O sistema de autoridade islâmica não é hierarquizado e centralizado nos termos existentes para o catolicismo. Uma qualquer autoridade reconhecida dentro de dado círculo religioso pode emitir uma fatwa (fátua) - uma pronúncia autorizada sobre a lei islâmica. Se essa pronúncia for considerada vinculativa, ela deve ser seguida pelos membros da comunidade. Foi o que aconteceu em 1989, quando o aiatola Khomeini determinou a morte de Salman Rushdie pela escrita do livro Os Versículos Satânicos. Foi o que aconteceu com os homicídios perpetrados contra os cartoonistas do Charlie Hebdo. Foi o que ocorreu com a morte de Samuel Paty.

O fundamentalismo islâmico é uma das formas mais agressivas contemporâneas de violência contra a liberdade de expressão. E mete medo. Um medo que no Ocidente é muito claro: sabemos, todos nós que defendemos o pluralismo e a liberdade de opinião, que se praticarmos atos considerados ofensivos do islão podemos morrer. Porque a mão longa dos fundamentalistas pode, facilmente, bater-nos à porta.

Muitos outros grandes e pequenos fundamentalismos cercam hoje a liberdade de expressão. E a nova ortodoxia do politicamente correto, se se revolta (timidamente, é certo) por não se poder pôr em causa ícones islâmicos, não admite que se faça piadas sobre outras categorias de representação, como "gordos", "mulheres", "alentejanos", e por aí fora.

O que é necessário, nas sociedades democráticas, é encontrar equilíbrios - sempre difíceis - entre os limites da liberdade de expressão e do que pode ser interpretado como ofensa.

Não se pode é hoje, em defesa das ortodoxias, dizer que há coisas sobre as quais podemos exprimir os maiores gozos e outras sobre as quais deve haver censura. Ou tudo é possível de crítica ou nada é possível de crítica. Não há meio-termo.

Quem vive verdadeiramente formas de espiritualidade de dada religião pode ter muita dificuldade em compreender ironias ou brincadeiras em torno de símbolos sagrados. E a fronteira entre a ironia e a ofensa varia conforme a perspetiva.

Mas a possibilidade de expressar desconformidade pública sobre valores icónicos deve ser defendida contra os medos maiores - de morrermos se nos expressarmos livremente - ou menores - de sermos considerados palermas, ignorantes ou agressores só por brincarmos com "coisas sérias".
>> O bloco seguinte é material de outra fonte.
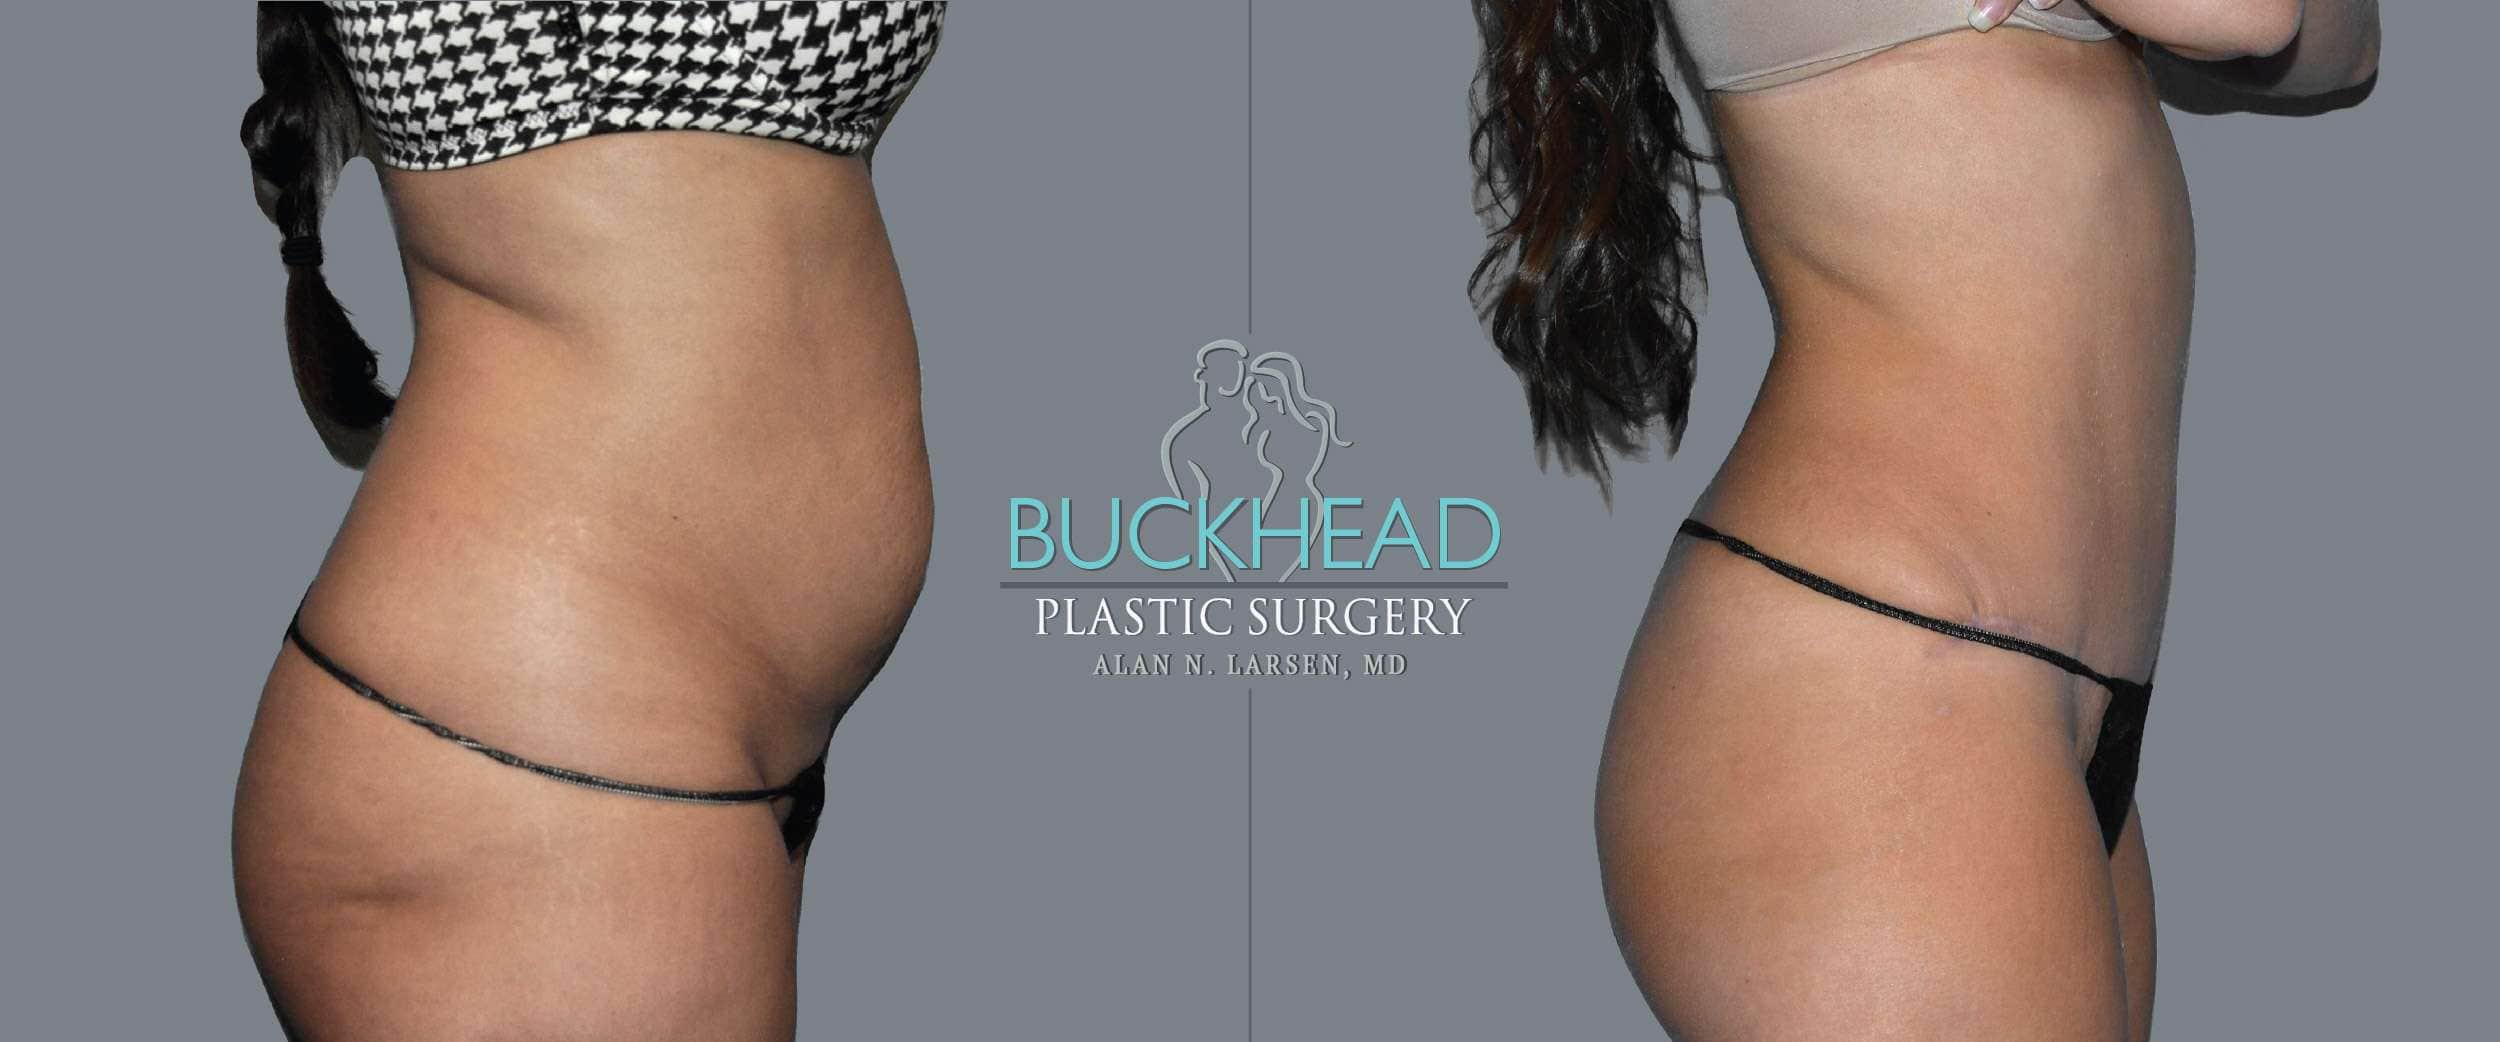 Before and After Photo Gallery | Liposuction - Hips & Flanks | Buckhead Plastic Surgery | Alan N. Larsen, MD | Board-Certified Plastic Surgeon | Atlanta GA

A defesa da liberdade de expressão em França, enunciada pelo presidente Macron, numa homenagem a Samuel Paty, foi objeto de uma vaga de protestos em diversos países muçulmanos, com ameaças de sabotagem a esse país - nota-se aqui uma fratura cultural evidente sobre o significado da liberdade.

Hoje, a sociedade internacional é menos plural do que no fim do século XX.

Somos censurados pelas novas ortodoxias, pelas velhas ortodoxias e pelos estados de calamidade e de emergência. Temos medo. E este medo baseia-se, racionalmente, em avaliação de causas e consequências.

Um destes dias, podemos correr o risco de que as conversas e as imagens sejam só páginas em branco. Não vá alguém ficar ofendido.